**DATA EXTRACT**.
--*--

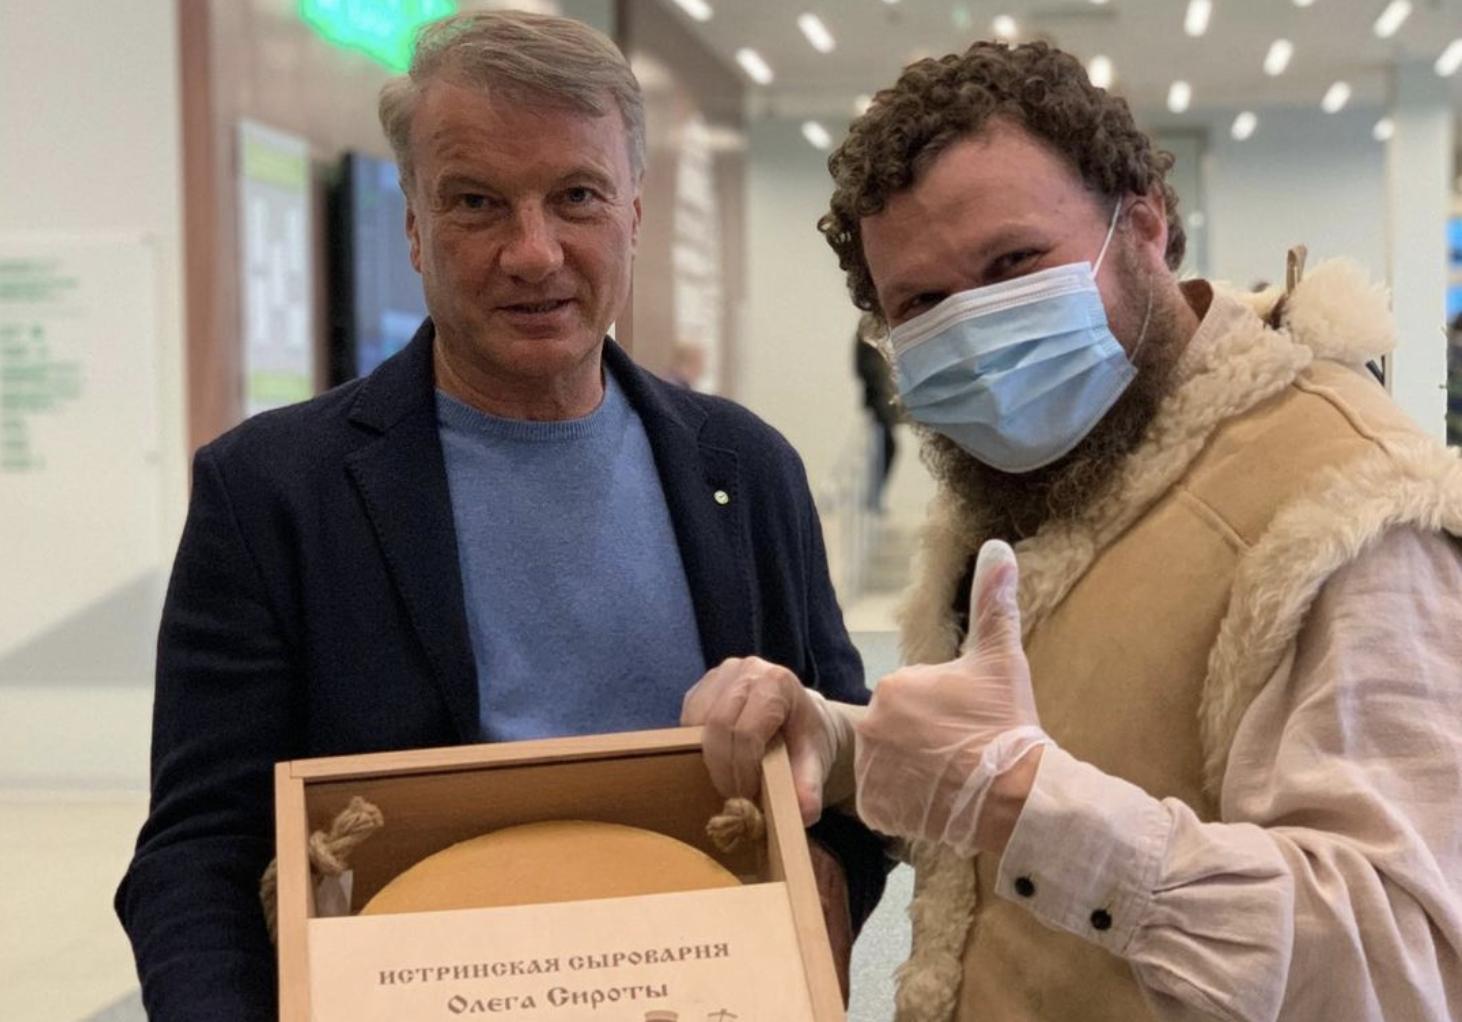 Фермер Олег Сирота рассказал о том, что  подарил сыр Вячеславу Володину и Герману Грефу
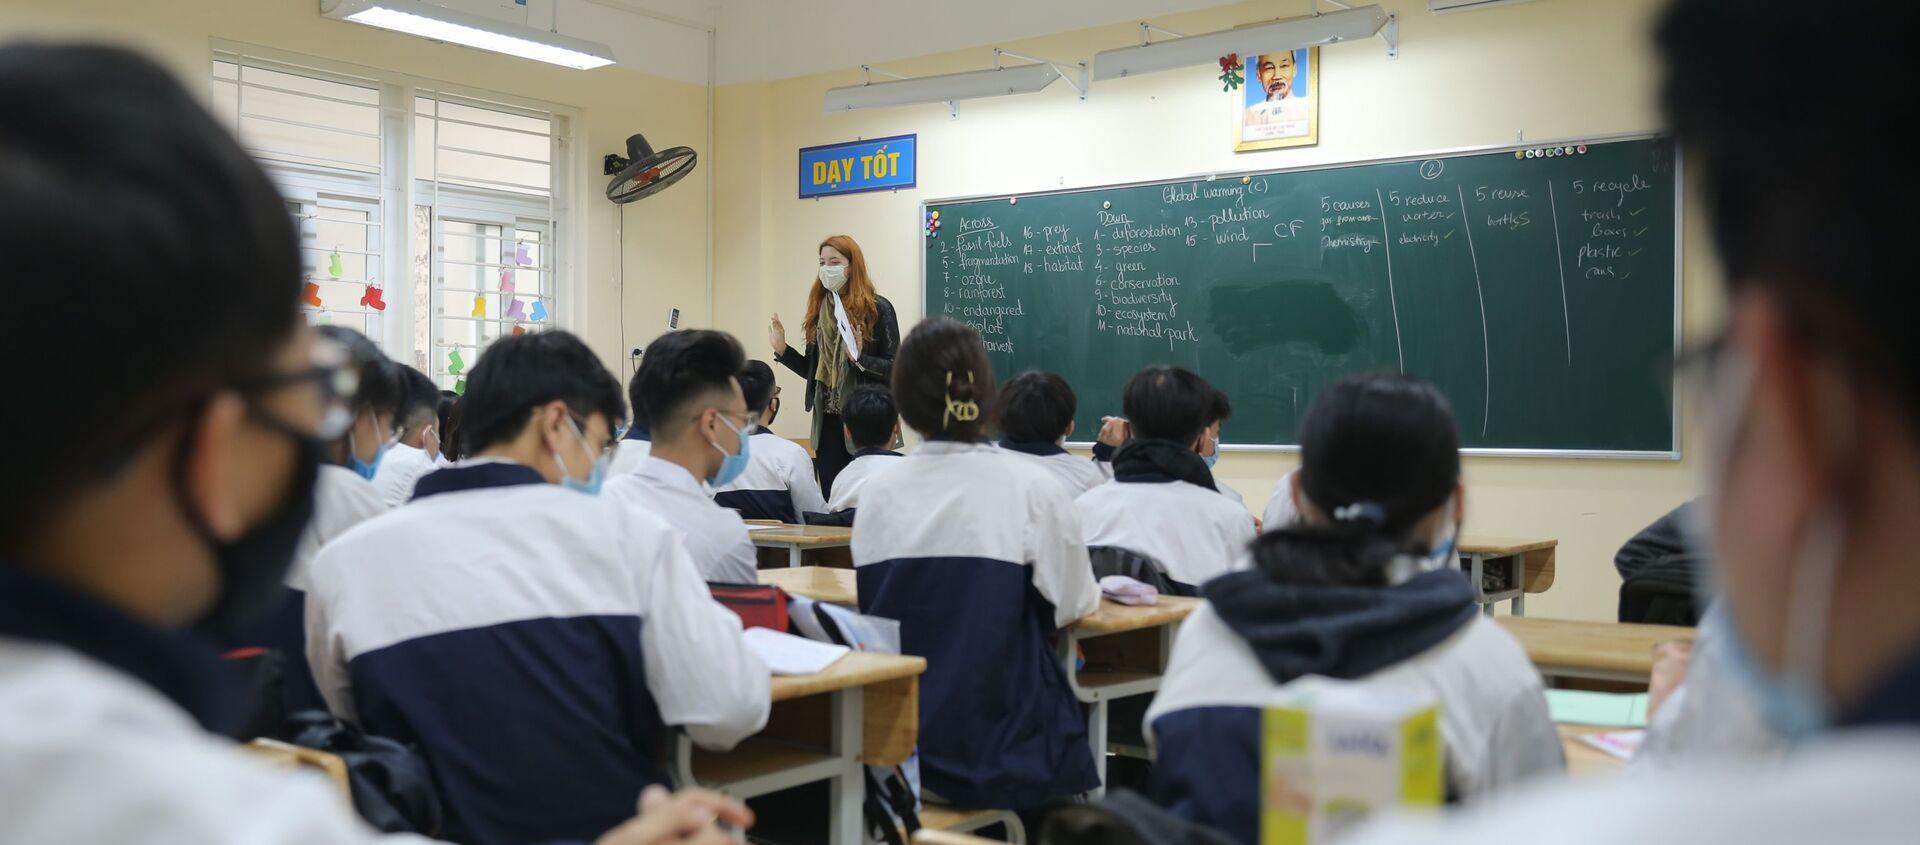 Giáo viên và học sinh lớp 11A2, Trường THPT Trần Nhân Tông, quận Hai Bà Trưng thực hiện nghiêm túc việc đeo khẩu trang trong lớp - Sputnik Việt Nam, 1920, 07.03.2021
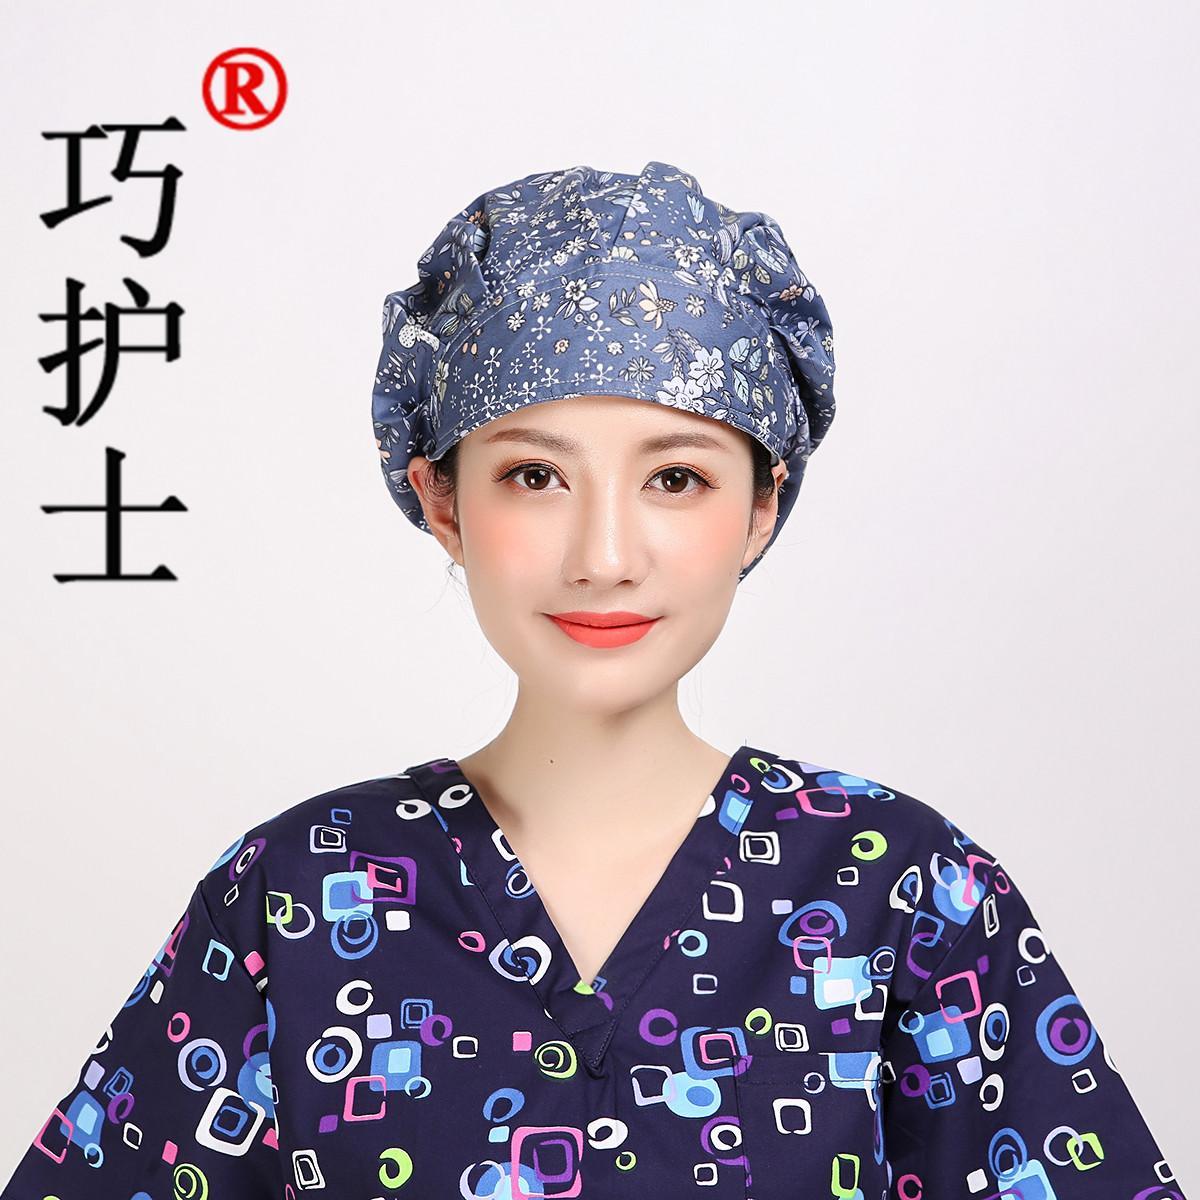 Qiao Perawat Topi Rumahan Kebersihan Topi Tidur Kartun Sorban

--*--

Skip the pictures, then retype every line above exactly.

 Фермер Олег Сирота рассказал о том, что  подарил сыр Вячеславу Володину и Герману Грефу
 Giáo viên và học sinh lớp 11A2, Trường THPT Trần Nhân Tông, quận Hai Bà Trưng thực hiện nghiêm túc việc đeo khẩu trang trong lớp - Sputnik Việt Nam, 1920, 07.03.2021
 Qiao Perawat Topi Rumahan Kebersihan Topi Tidur Kartun Sorban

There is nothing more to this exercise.